Photometric observations made in 2010 at the Organ Mesa Observatory at Las Cruces, New Mexico, and the Hunters Hill Observatory at Ngunnawal, Australian Capital Territory, give a synodic rotation period of 23.740±0.001 hours. The bimodal light curve shows a maximum brightness variation of 0.45 ± 0.03 in magnitude.

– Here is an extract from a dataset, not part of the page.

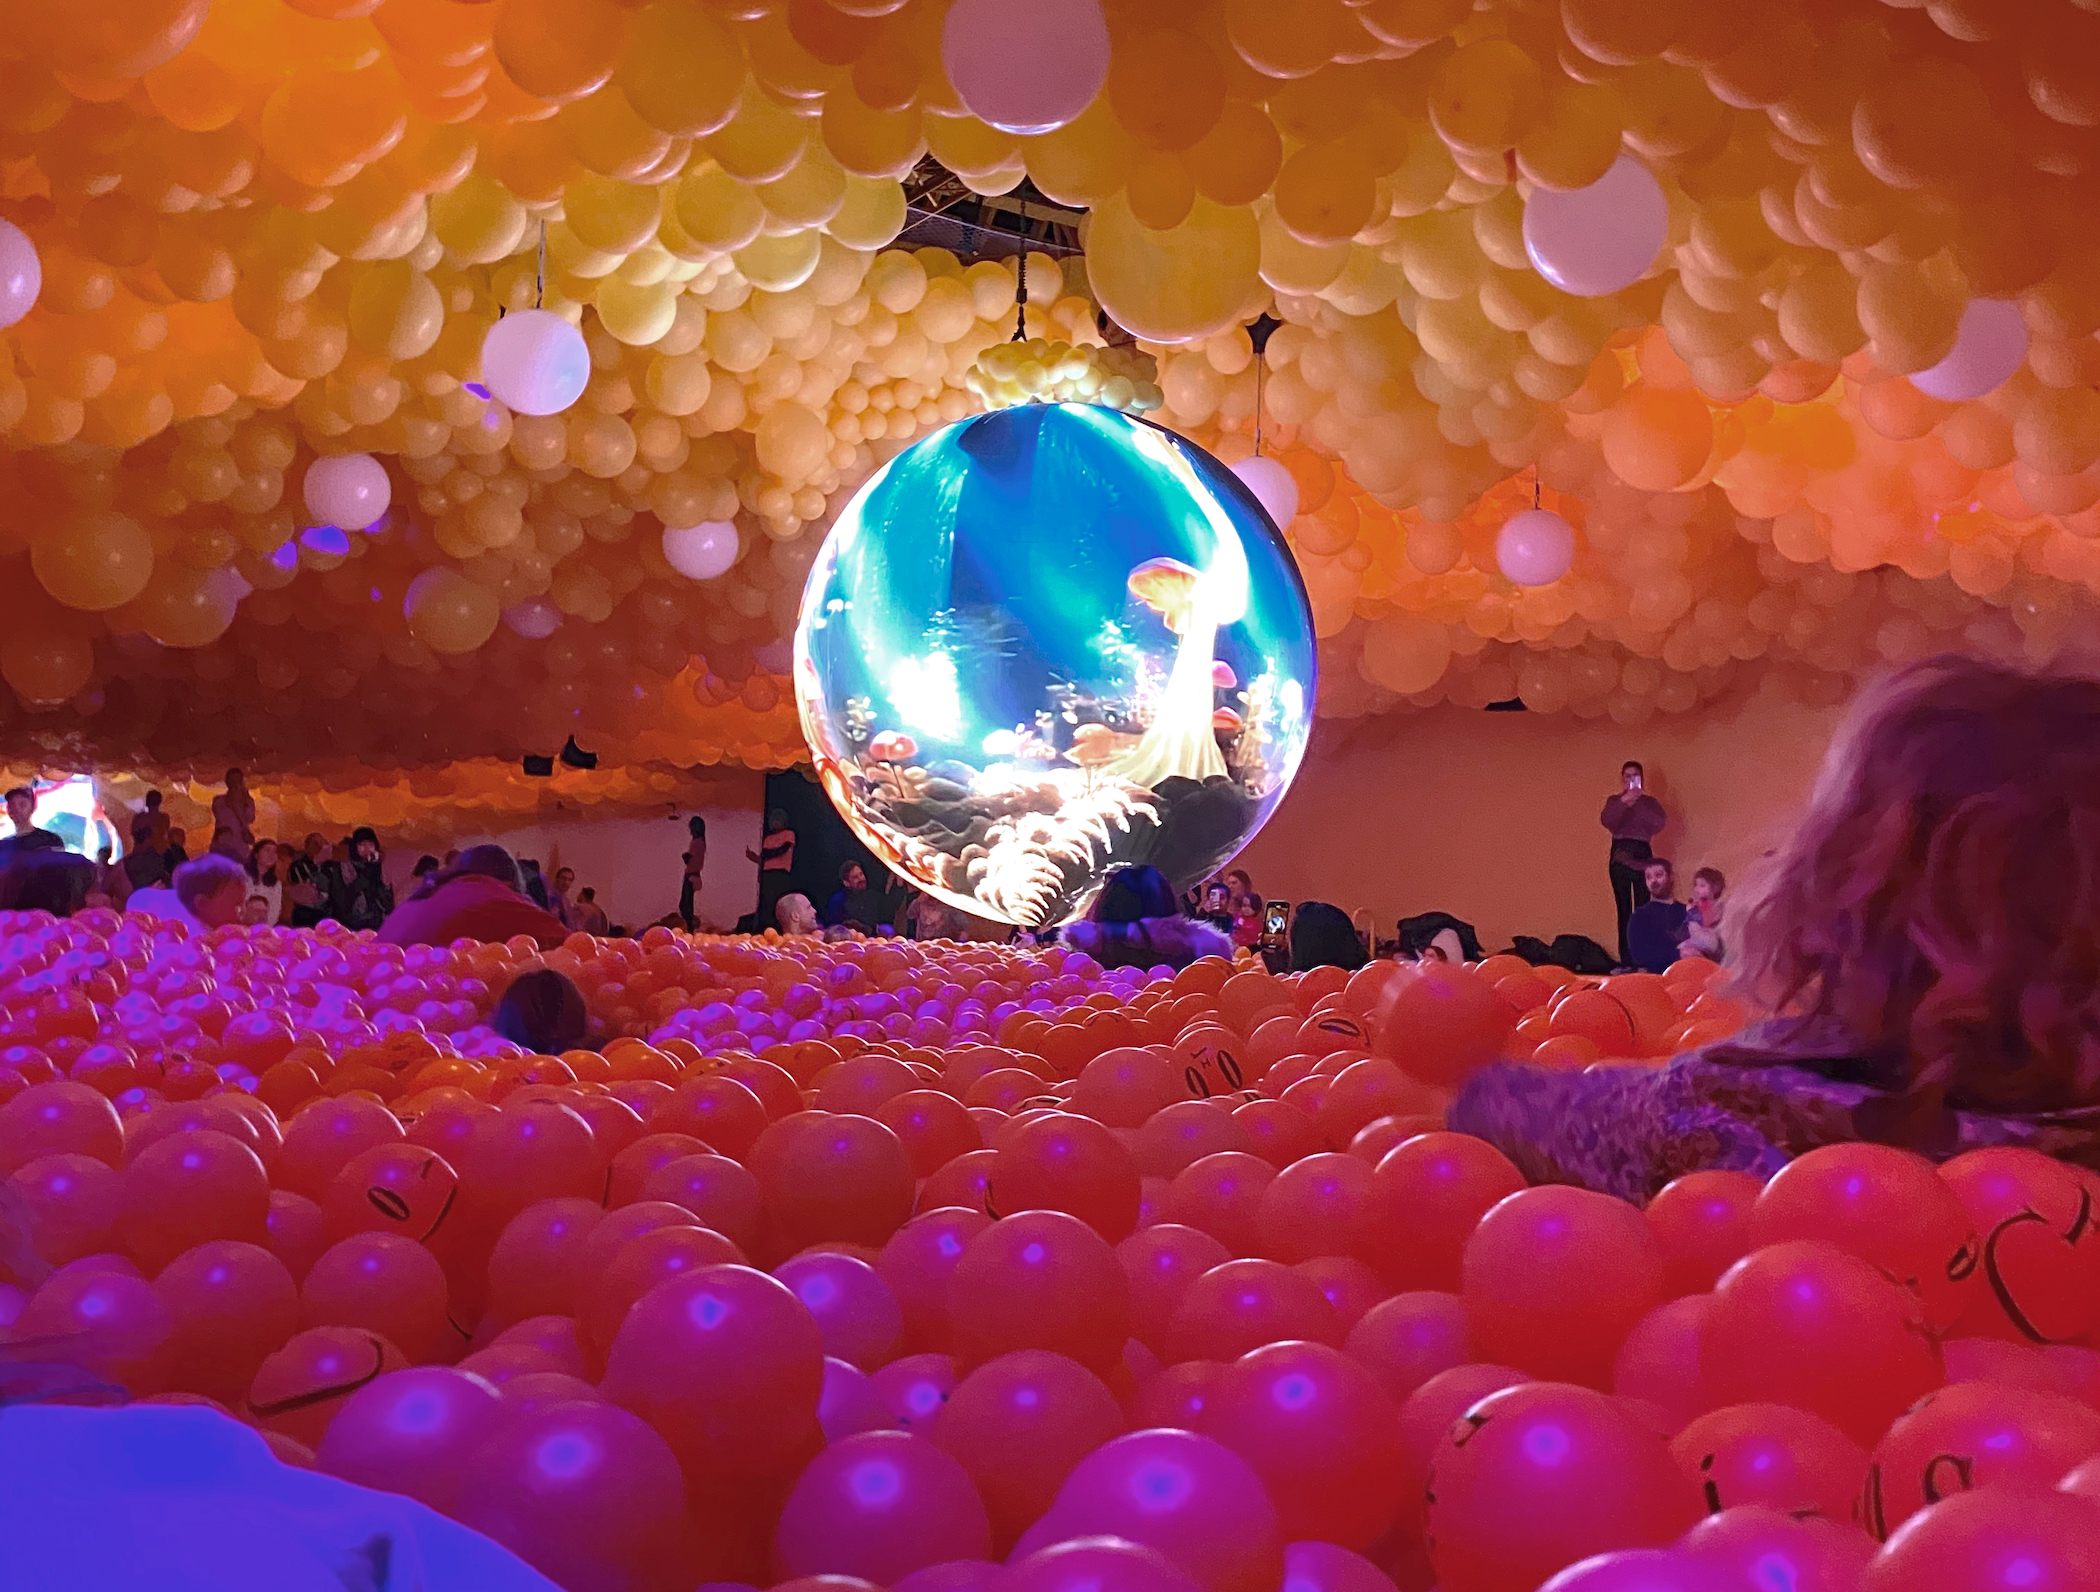 Family Experience Of The Month: The Balloon Museum In London

Measurements made with the IRAS observatory give a diameter of 91.58±4.14 km and a geometric albedo of 0.19±0.02. By comparison, the MIPS photometer on the Spitzer Space Telescope gives a diameter of 88.30±8.51 km and a geometric albedo of 0.20±0.04. When the asteroid was observed occulting a star, the chords showed a diameter of 89.1±1.1 km.